In many Islamic countries which continue to carry out executions, the death penalty has become a taboo subject. Governments frequently use Sharia to justify why they retain and apply capital punishment, and this can seem to close discussion on the subject. However, Sharia law is not as immutable on the death penalty as many scholars or states say.

Among the misconceptions about Sharia law is the belief that there is a clear and unambiguous statement of what the punishments are for particular offences. In fact, there are several different sources referring to punishments, and different schools of Sharia law give different weight to them. There is a belief that Islamic judges are required to impose a fixed and predetermined punishment for certain offences without discretion or without permitting mitigating evidence to be admitted into court. This is not true. Additionally, there is also the belief that Sharia law is widely used in national legislation and practice in Islamic countries, in the Middle East and North Africa (MENA) region and elsewhere. In fact, most countries in the MENA region maintain a dual system of secular courts and religious courts, in which the religious courts implement various aspects of Sharia law.

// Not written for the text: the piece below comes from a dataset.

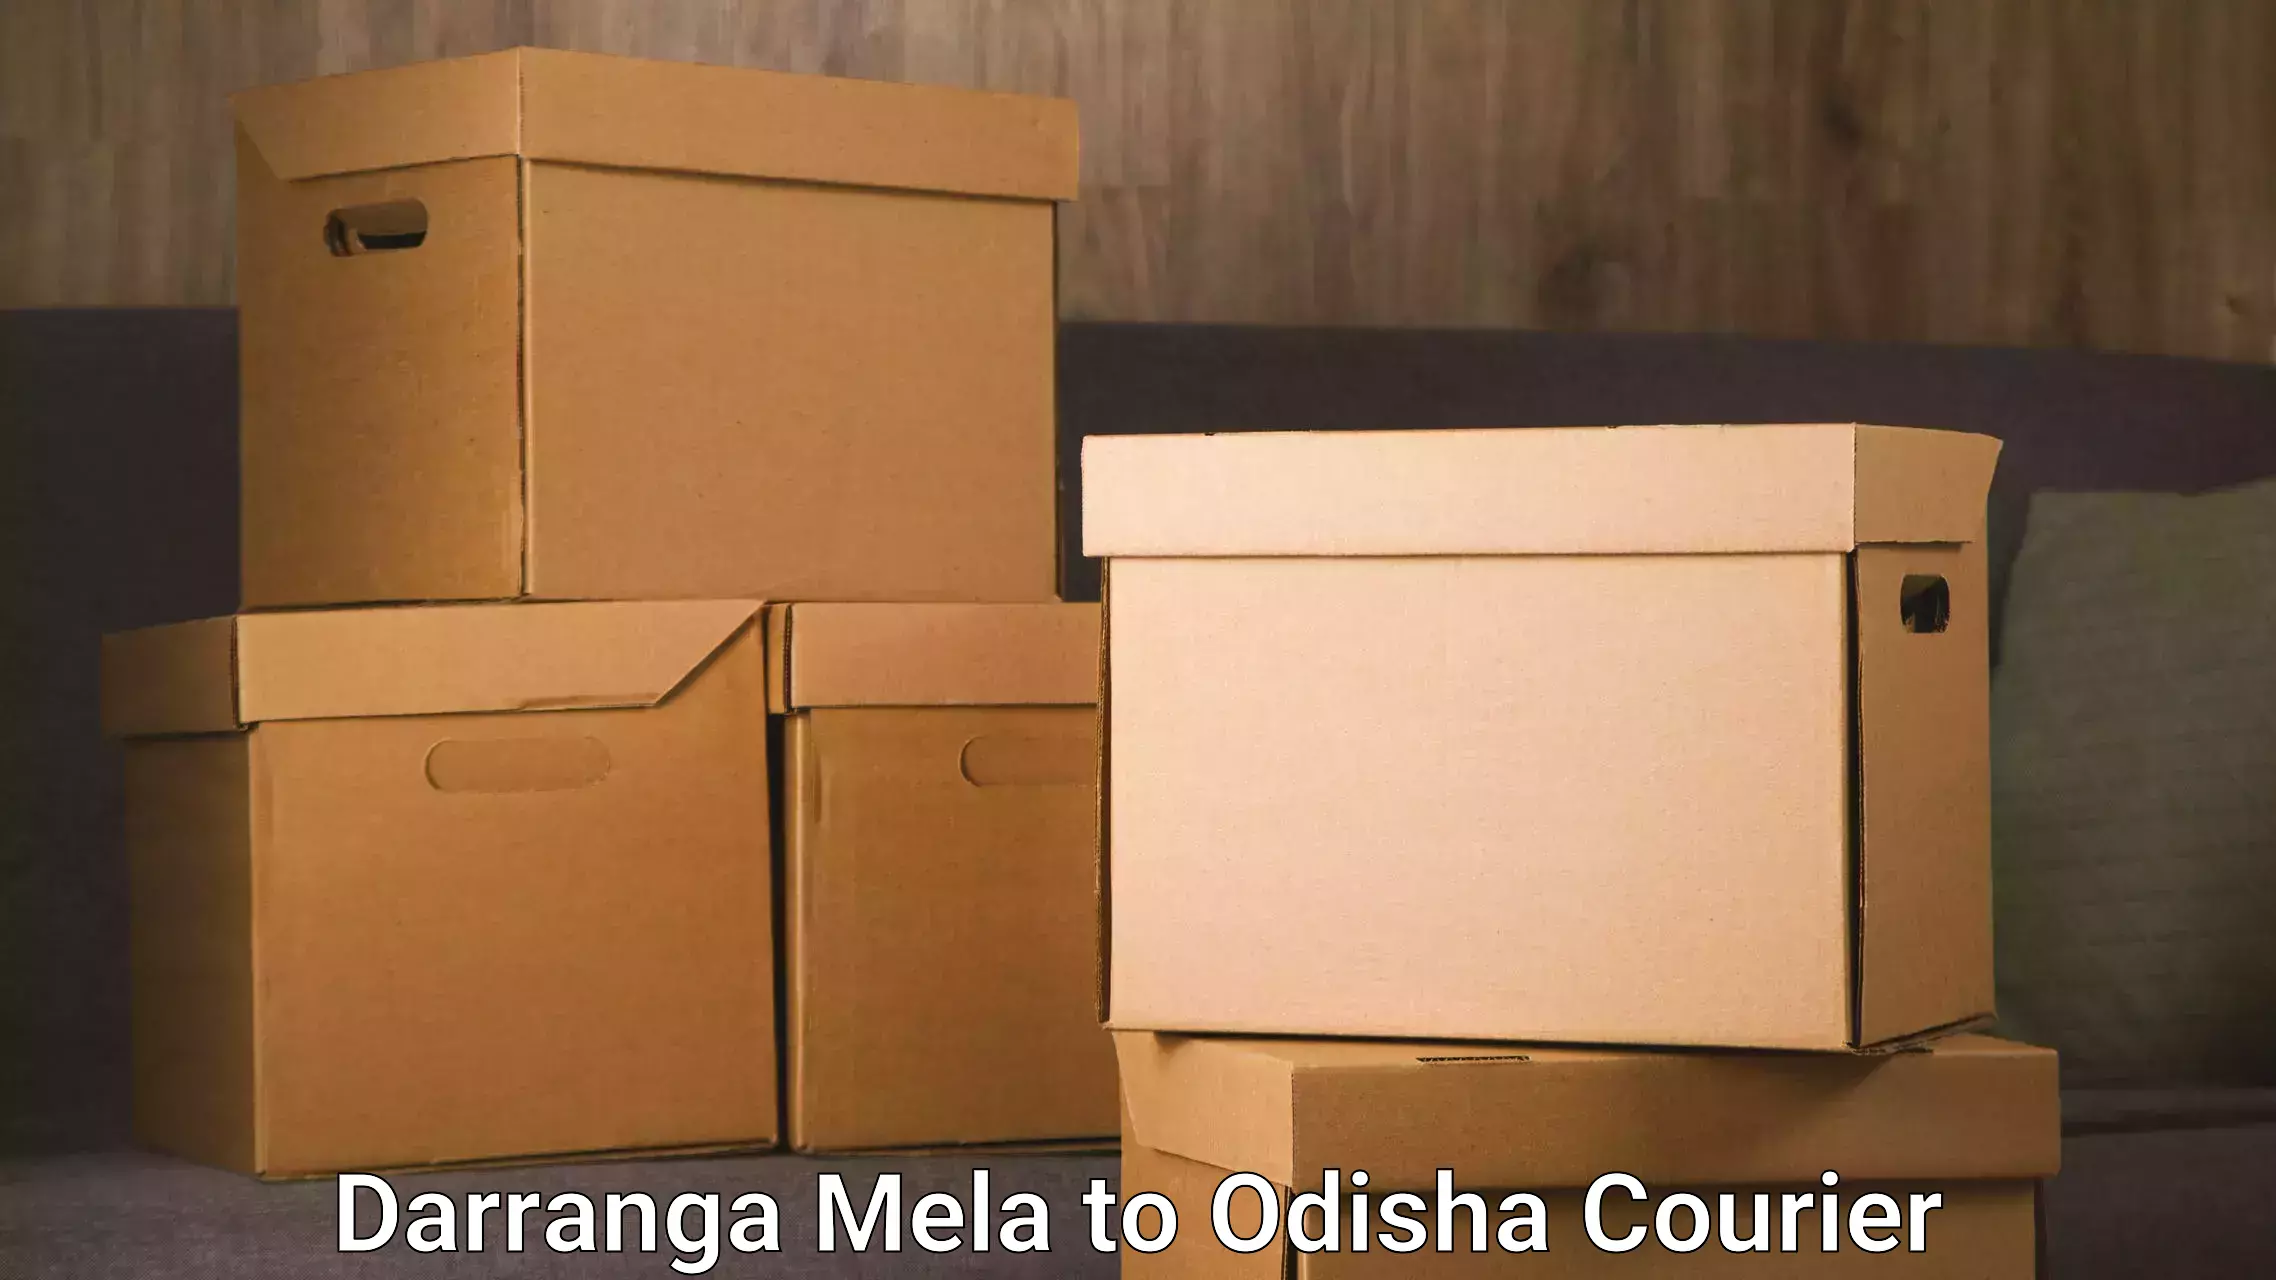 Efficient parcel service Darranga Mela to Odisha

This publication by Penal Reform International aims to correct misapprehensions and to give readers an understanding of Islamic law and jurisprudence relating to the death penalty. It describes the sources of Sharia law and the relative importance of each source. It lays out the different offences that may attract the death penalty and the different views about each, showing that Sharia law does not explicitly compel Muslim states to apply the death penalty. It examines the offences and evidentiary requirements that are required for a death sentence under Sharia, finding that they are so restrictive that they make it almost impossible to impose such a punishment in practice.

Contrary to traditionalist interpretations of the Sharia that make the death penalty permissible for four proscribed offences (premeditated murder, adultery, apostasy and ‘waging war against God’), Islam takes a much more flexible and lenient approach. It does not require the death penalty, but instead provides opportunities for it to be avoided. This publication examines each offence in turn, reviewing the context in which it was established and the debates between schools of Islamic thought and jurisprudence. It also examines Sharia law in relation to other offences that may carry the death penalty in majority Islamic states, pointing out that many offences that carry the death penalty (such as drug offences and sorcery/witchcraft) cannot do so on the basis of Sharia. Finally, the paper looks at how the death penalty relates to other obligations in Islam, in particular the importance of family and how this relates to children of those sentenced to death.